If you went down any blind alleys that you later decided to not pursue, please don't abuse the TAs time by throwing in 81 lines of code and 4 plots related to something you actually abandoned.  Consider deleting things that are not important to your narrative.  If its slightly relevant to the narrative or you just want us to know you tried something, you could keep it in by summarizing the result in this report in a sentence or two, moving the actual analysis to another file in your repo, and providing us a link to that file.

### Main Takeaways
After working through this project, we've realized that, ultimately, unsupervised methods were not that great for this dataset. Overall, we had had relatively poor metrics from multiple clustering algorithms. However, we did have high accuracy when using supervised models such as SVM and CNN. While GMM and K-Means had poor performance, the CNN gave us the best performance, with SVM coming in at second. CNN algorithms already have a reputation for being strong algorithms for image processing, as well as SVM (but not to the same degree.)

## All Library Imports

In [3]:
import numpy as np
import pandas as pd
from sklearn.preprocessing import StandardScaler
from sklearn.mixture import GaussianMixture
from sklearn.metrics import silhouette_score
from sklearn.metrics import rand_score, adjusted_rand_score
from scipy import stats


### CNN - Results

### CNN - Discussion

### GMM - Results
- Files are in gmm_traindata and gmm_testdata in the parent repository.
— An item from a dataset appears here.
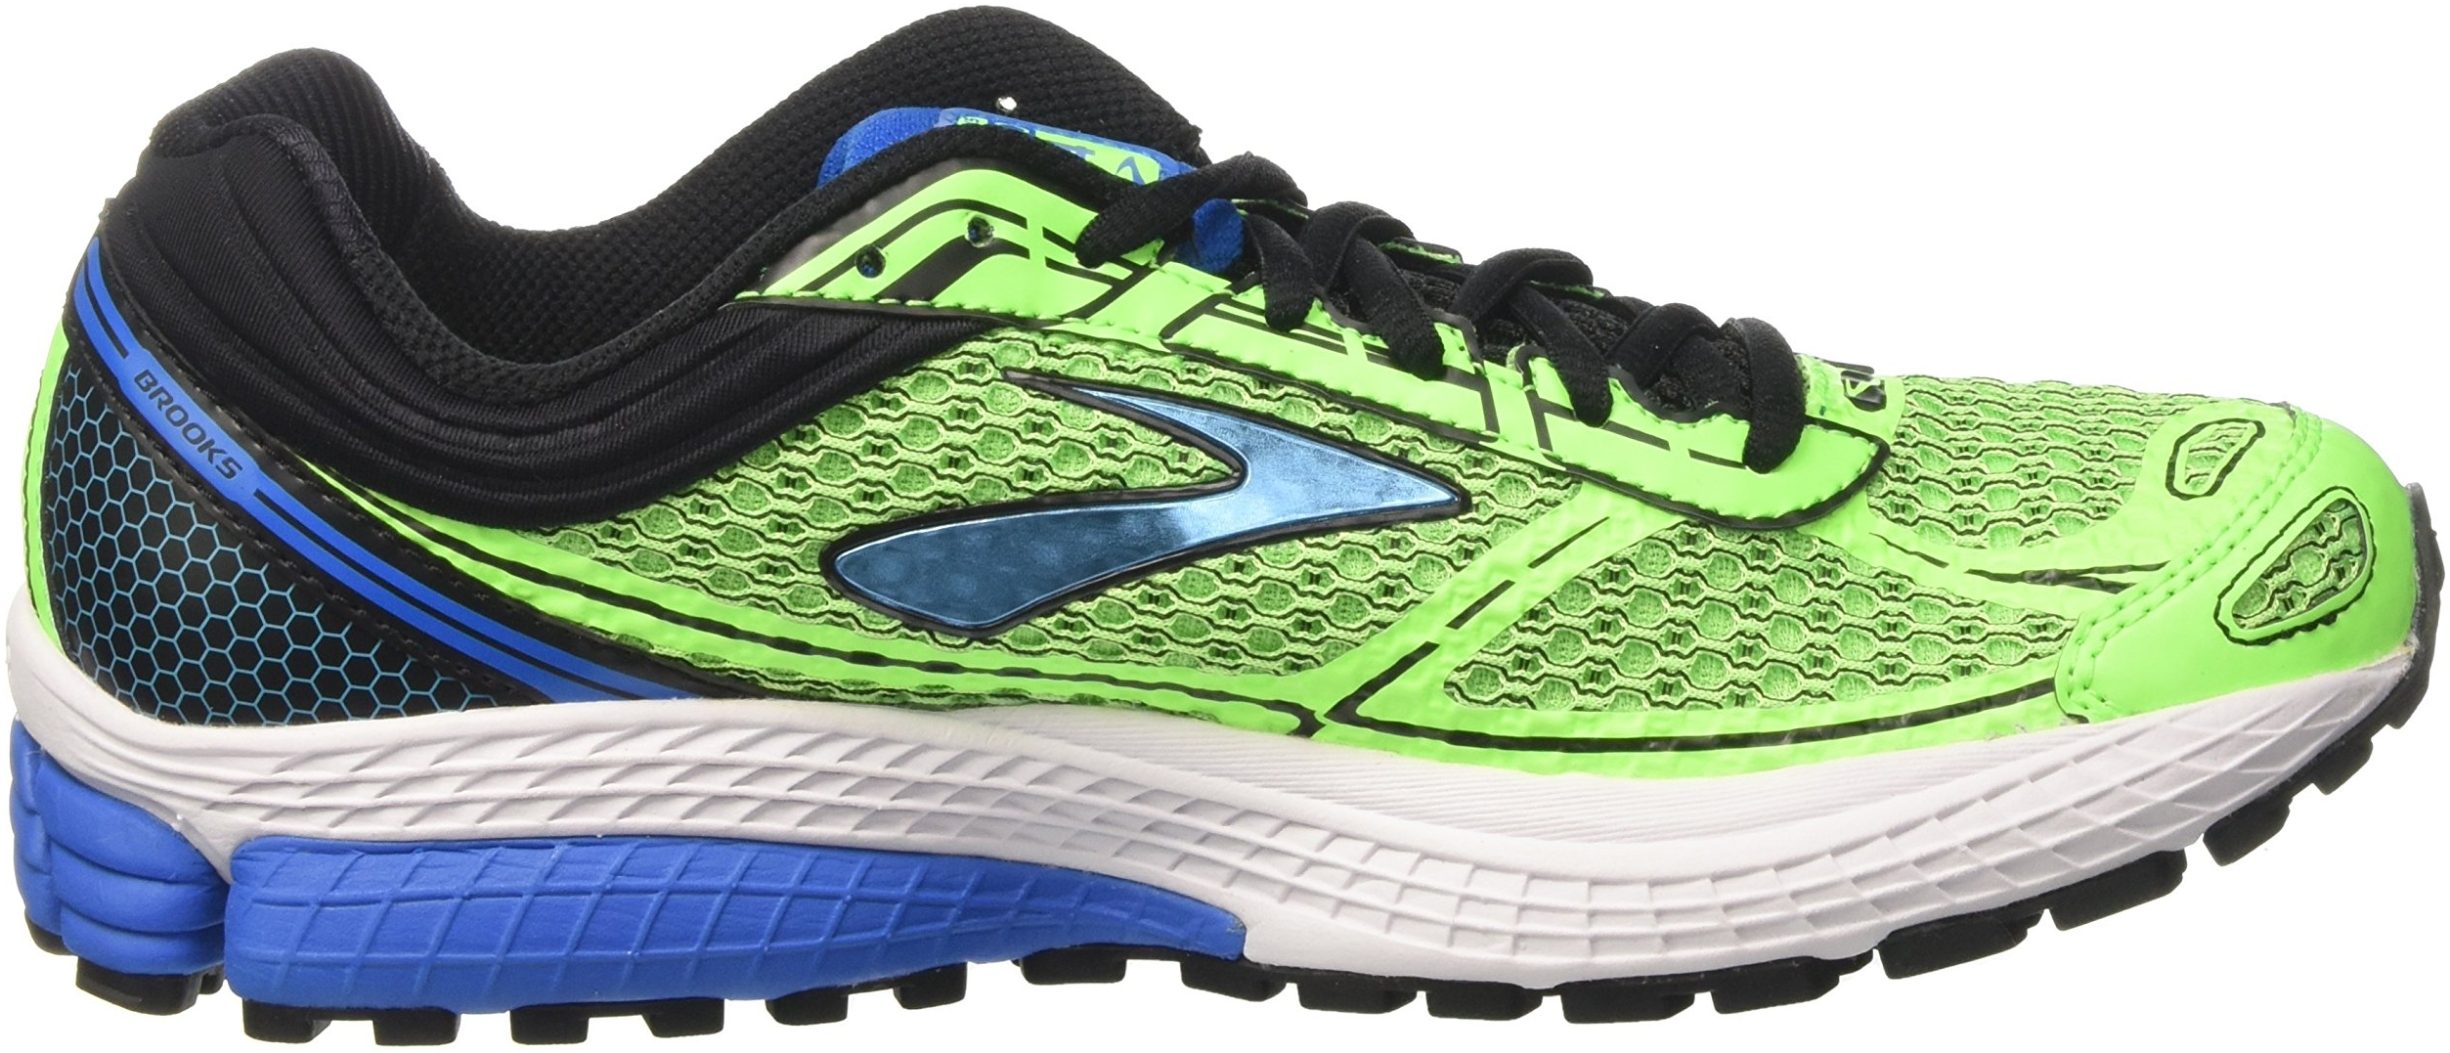 Only £93 + Review of Brooks Aduro 4 | RunRepeat

We decided to utilize ARI, RI, AIC, BIC, and Silhouette Score regarding GMMs in order to gauge the efficacy of the Sign Language MNIST dataset for ASL. The extended code and analysis is in the aforementioned gmm_traindata and gmm_testdata: the metrics are summarized below. Although this small section deals with only the "train" dataset, we also did work on the "test" dataset as well, linked up top. Of note, we also tried standardizing the data for GMMs, noted by "scaled_predicted". In the interest of time, we decided to just print out values in our final report. As stated earlier, all other information is within the two files. We decided to use the training data from the dataset for our GMM's purposes; this came from a GMM of 5 components.

In [7]:
adjusted_rand_nonscaled = 0.04676689255258681
non_adjusted_rand_nonscaled = 0.7703969635432097
adjusted_rand_scaled = 0.023481092716432513
non_adjusted_rand_scaled = 0.769771644446842
aic = 104560606.05819455
scaled_aic = -59301488.58365816
bic = 117240621.61718772
scaled_bic = -46621473.02466498
silhouette_nonscaled = 0.02272728942562161
silhouette_scaled = 0.004961856247034123

# NON-SCALED
print("Non-scaled Adjusted Rand Score:", adjusted_rand_nonscaled)
print("Non-scaled Non-Adjusted Rand Score:", non_adjusted_rand_nonscaled, '\n')

# SCALED
print("Scaled Adjusted Rand Score:", adjusted_rand_scaled)
print("Scaled Non-Adjusted Rand Score:", non_adjusted_rand_scaled, '\n')

# aic
print("aic:", aic)
print("scaled_aic:", scaled_aic, '\n')

# bic
print("bic:", bic)
print("scaled_bic:", scaled_bic, '\n')

# silhouette score
print("silhouette_nonscaled:", silhouette_nonscaled)
print("silhouette_scaled:", silhouette_scaled)

Non-scaled Adjusted Rand Score: 0.04676689255258681
Non-scaled Non-Adjusted Rand Score: 0.7703969635432097 

Scaled Adjusted Rand Score: 0.023481092716432513
Scaled Non-Adjusted Rand Score: 0.769771644446842 

aic: 104560606.05819455
scaled_aic: -59301488.58365816 

bic: 117240621.61718772
scaled_bic: -46621473.02466498 

silhouette_nonscaled: 0.02272728942562161
silhouette_scaled: 0.004961856247034123


### GMM - Discussion

At first glance, our scores were, across the board, very poor, so we also tried scaling the data to see if it'd make any difference; we didn't expect much, and didn't get much. 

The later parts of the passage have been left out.